Each tweet was labeled with one of two classes:

0: No hate speech

1: Hate speech, racist or xenophobic discourse against refugees

The overall inter-annotation agreement during this phase reached a satisfactory correlation index of 0.66 of the Cohen’s Kappa coefficient. Out of 5000 labelled tweets, annotators reached an 85% agreement, with a 15% disagreement rate. In a subsequent stage, tweets where there was no consensus among annotators or raised uncertainties were meticulously analysed and evaluated by a third person, also an expert in sociology of migrations and social work, to resolve disagreements. This thorough review and discussion of the most challenging classification cases assisted in addressing certain subtleties in tweets posted on Twitter in this domain.

Files Description

The hateRADAR-es dataset contains a collection of 5,000 tweets, exhaustively labelled for detecting hate speech, racist or xenophobic discourse towards refugees. The dataset is divided into two sets to ensure the reproducibility of experiments: a training dataset and a testing dataset.

Both datasets are provided in CSV format and include the following fields:

id_tweet: The unique identifier for each tweet. You can use this ID to retrieve individual tweets from the Twitter API of your choice.

text: Represents the content of the tweet.

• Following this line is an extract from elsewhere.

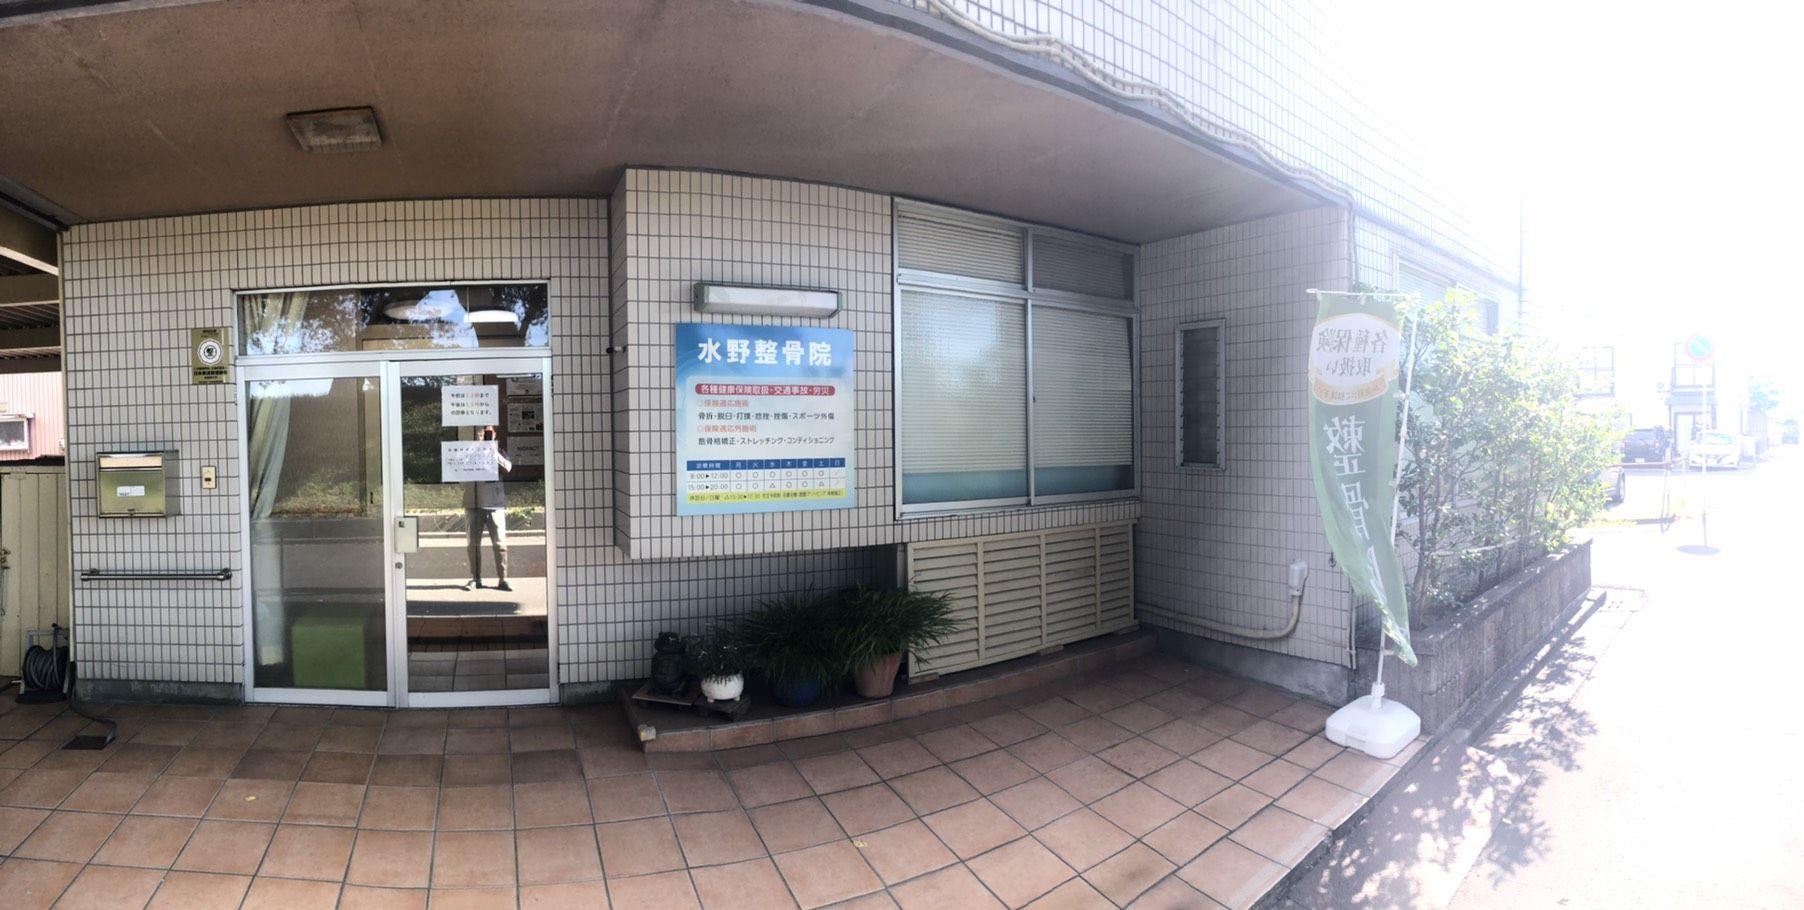 水野整骨院(福井市・外傷、首、肩、腰、膝痛)
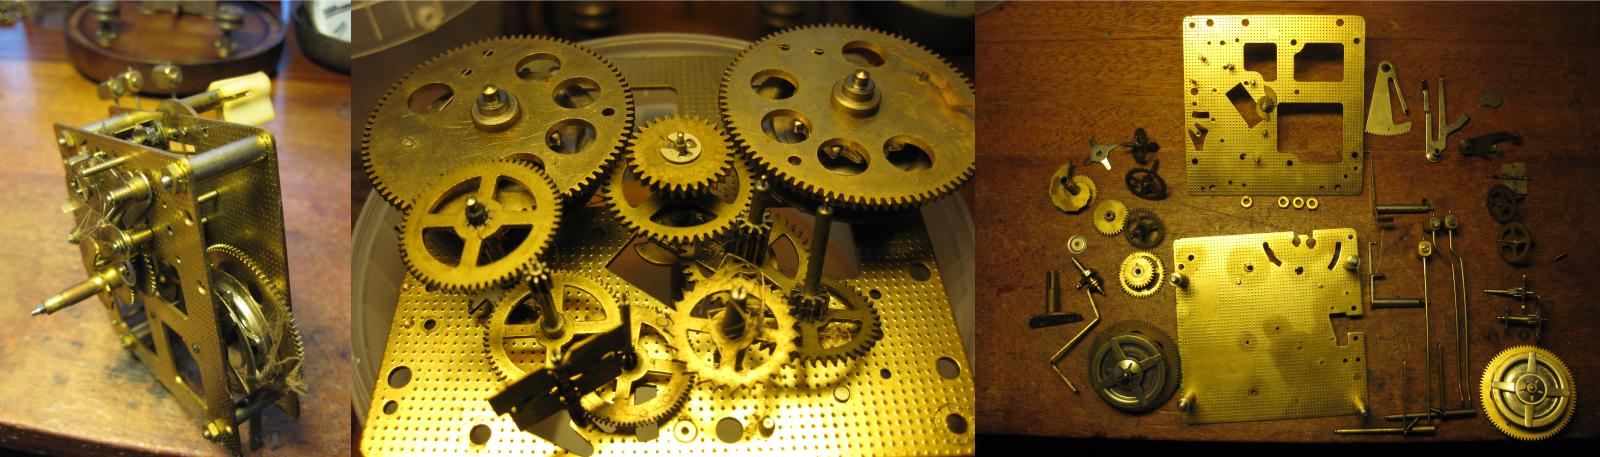 Klok-repareren-restauratie-klok-bij-Wolters-Juweliers-Coevorden-Emmen

label: Binary label where 0 represents "No hate speech" and 1 represents "Hate speech detected".

Train Dataset

Name: hateRADAR-es_train.csv

Number of Rows: 4000. This set is intended for model training and validation, ensuring comprehensive learning and robustness against overfitting.

Size: 516.24 KB

Class Distribution:

0 (No hate speech): 3048 entries, accounting for 76.2% of the dataset.

1 (Hate speech detected): 952 entries, making up 23.8% of the dataset.

Test Dataset

Name: hateRADAR-es_test.csv

Number of Rows: 1000. This set is used for model evaluation, providing an unbiased assessment of the model's performance on unseen data.

Class Distribution:

0 (No hate speech): 762 entries, representing 76.2% of the dataset.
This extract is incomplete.